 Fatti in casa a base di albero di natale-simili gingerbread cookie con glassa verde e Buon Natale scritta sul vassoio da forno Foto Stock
++++++++
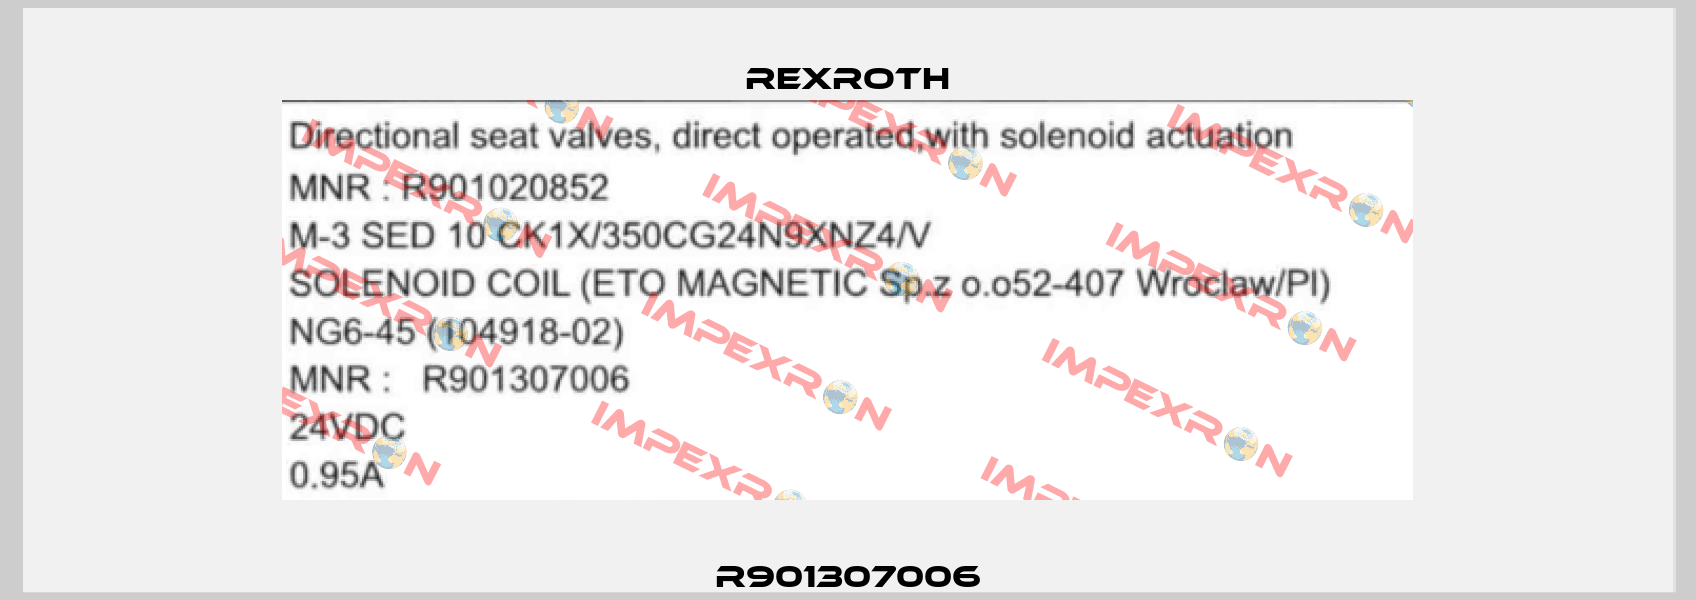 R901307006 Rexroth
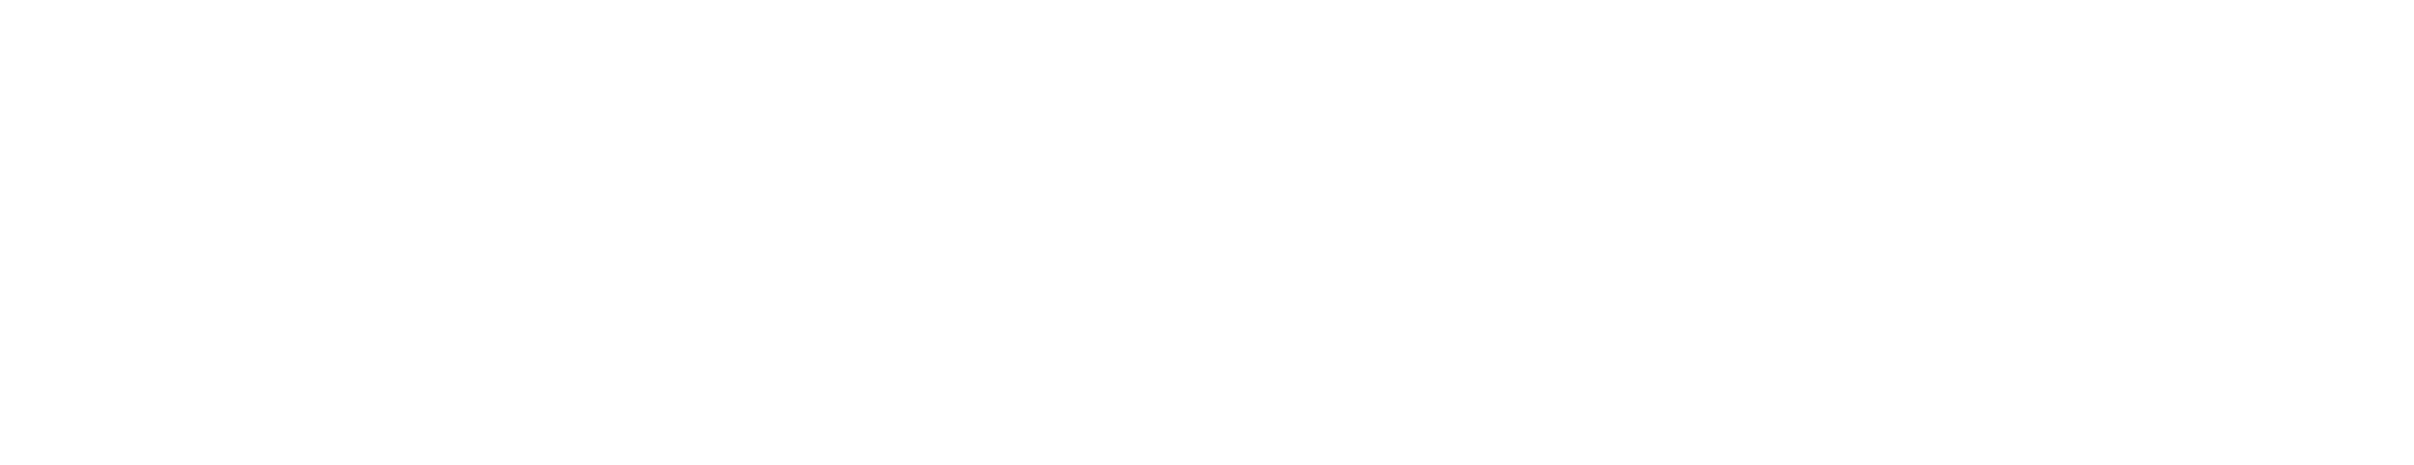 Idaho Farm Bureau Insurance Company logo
++++++++
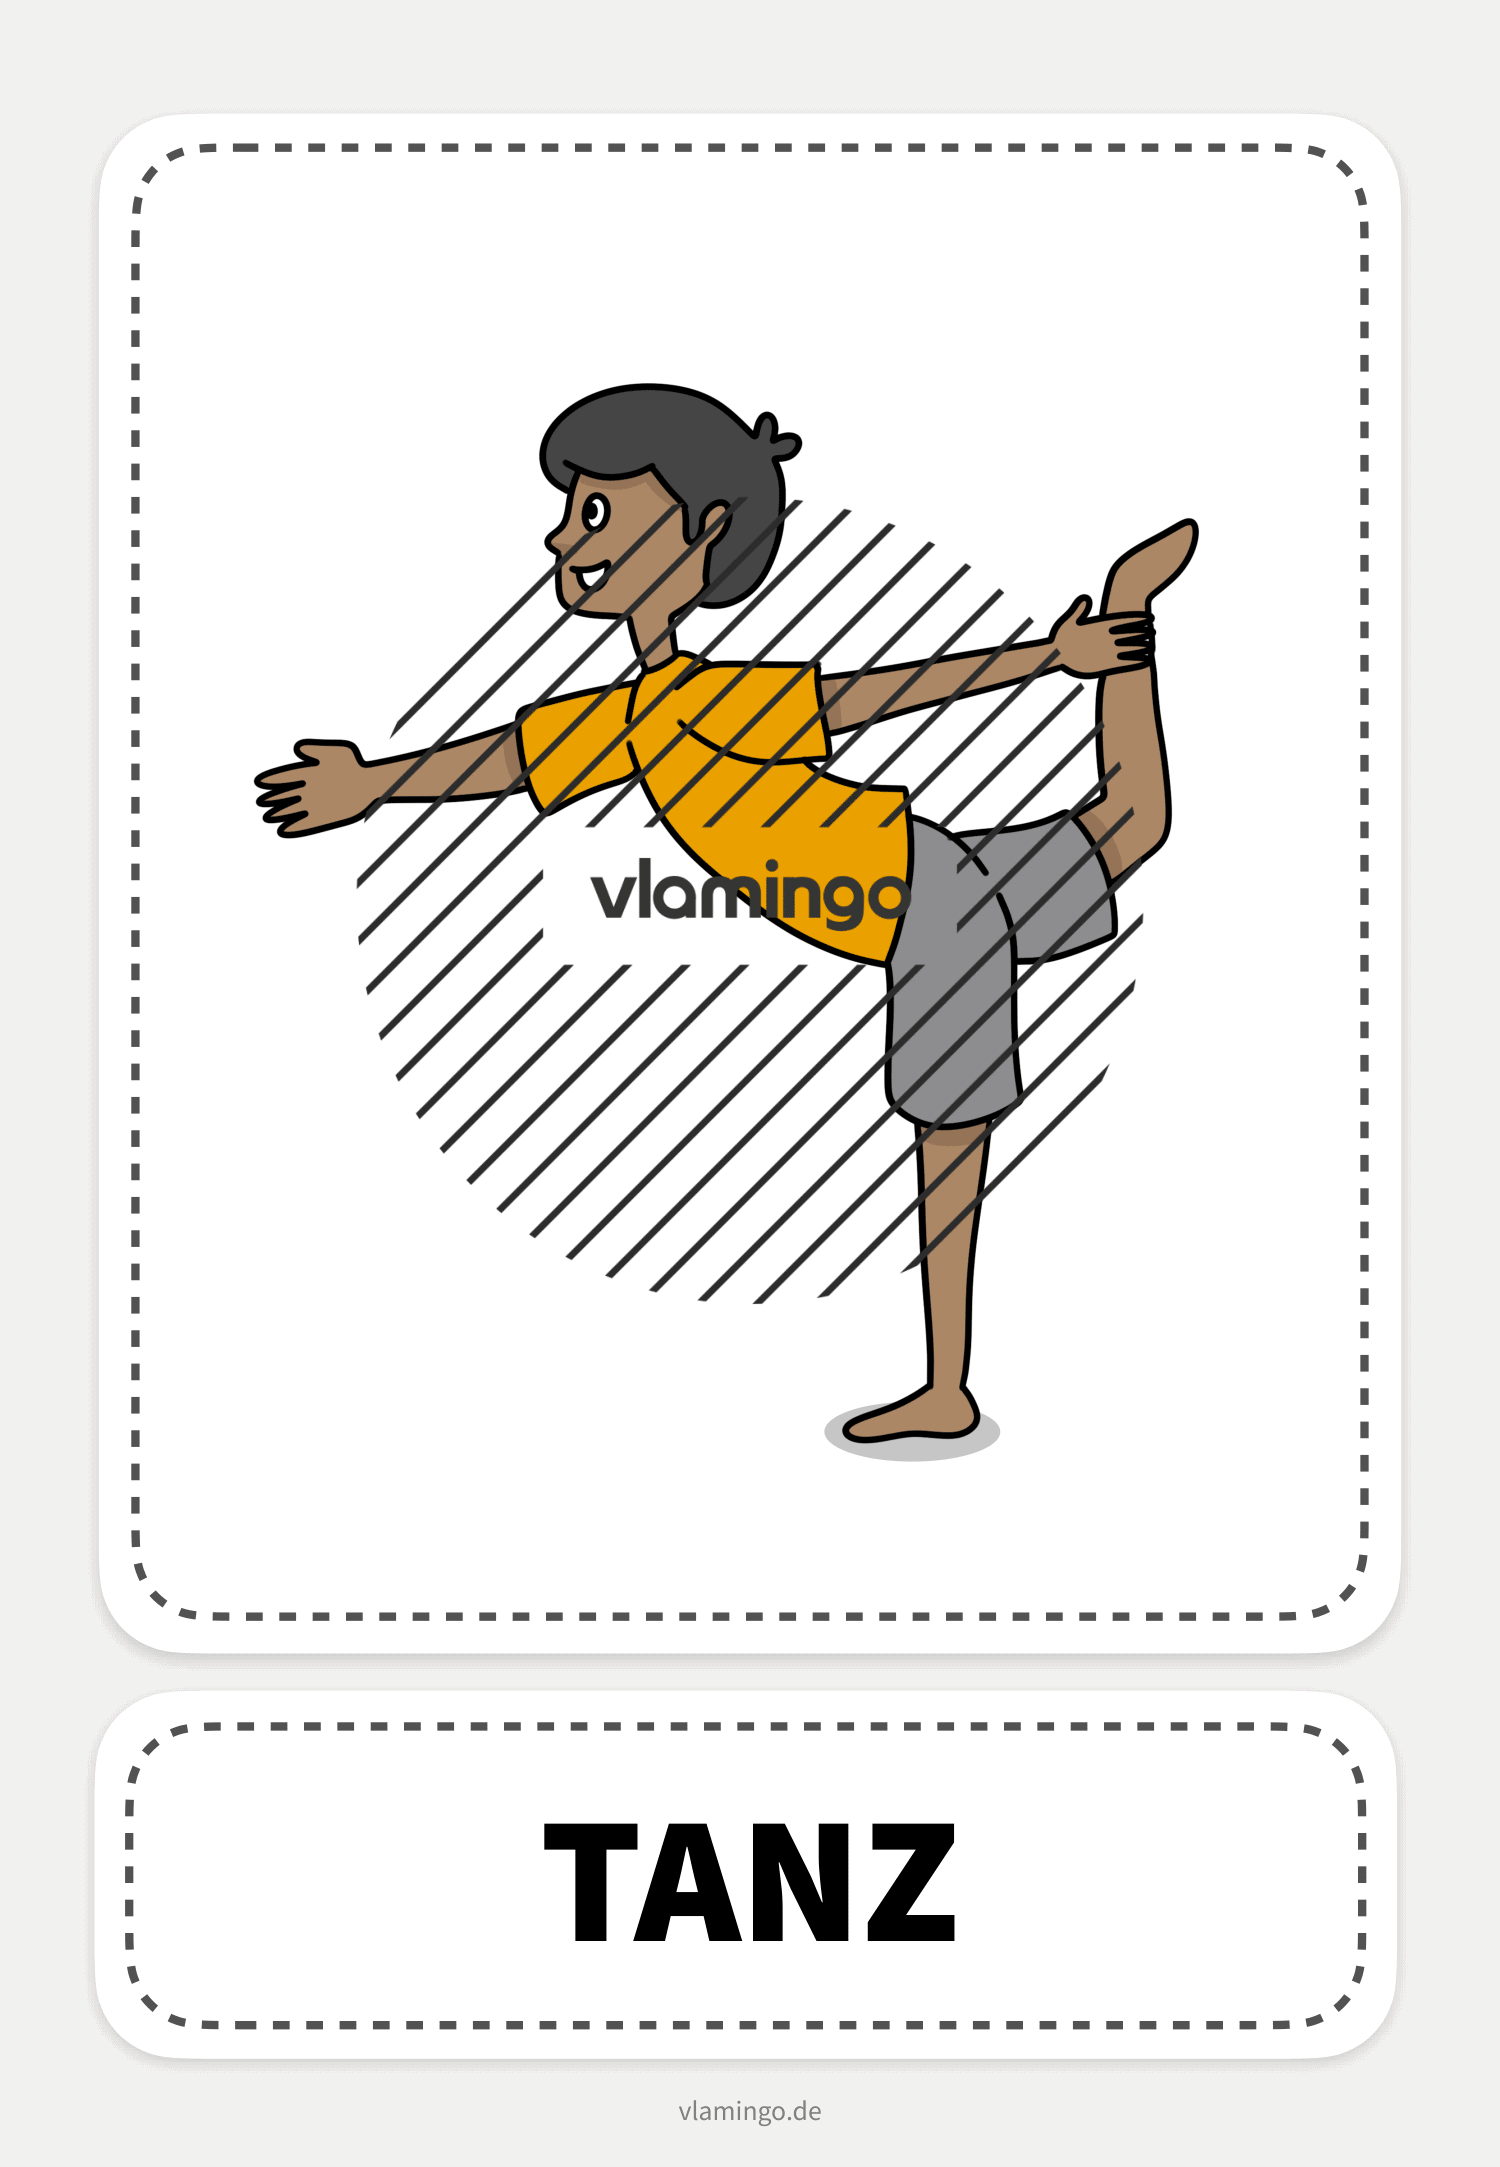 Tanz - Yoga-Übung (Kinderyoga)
++++++++
### [Work to be completed]
Above, find the line with "R901307006 Rexroth"; copy it and every line down to the line with "Idaho Farm Bureau Insurance Company logo", exactly and both included, but no pictures.

### [Solution to this problem]
 R901307006 Rexroth
 Idaho Farm Bureau Insurance Company logo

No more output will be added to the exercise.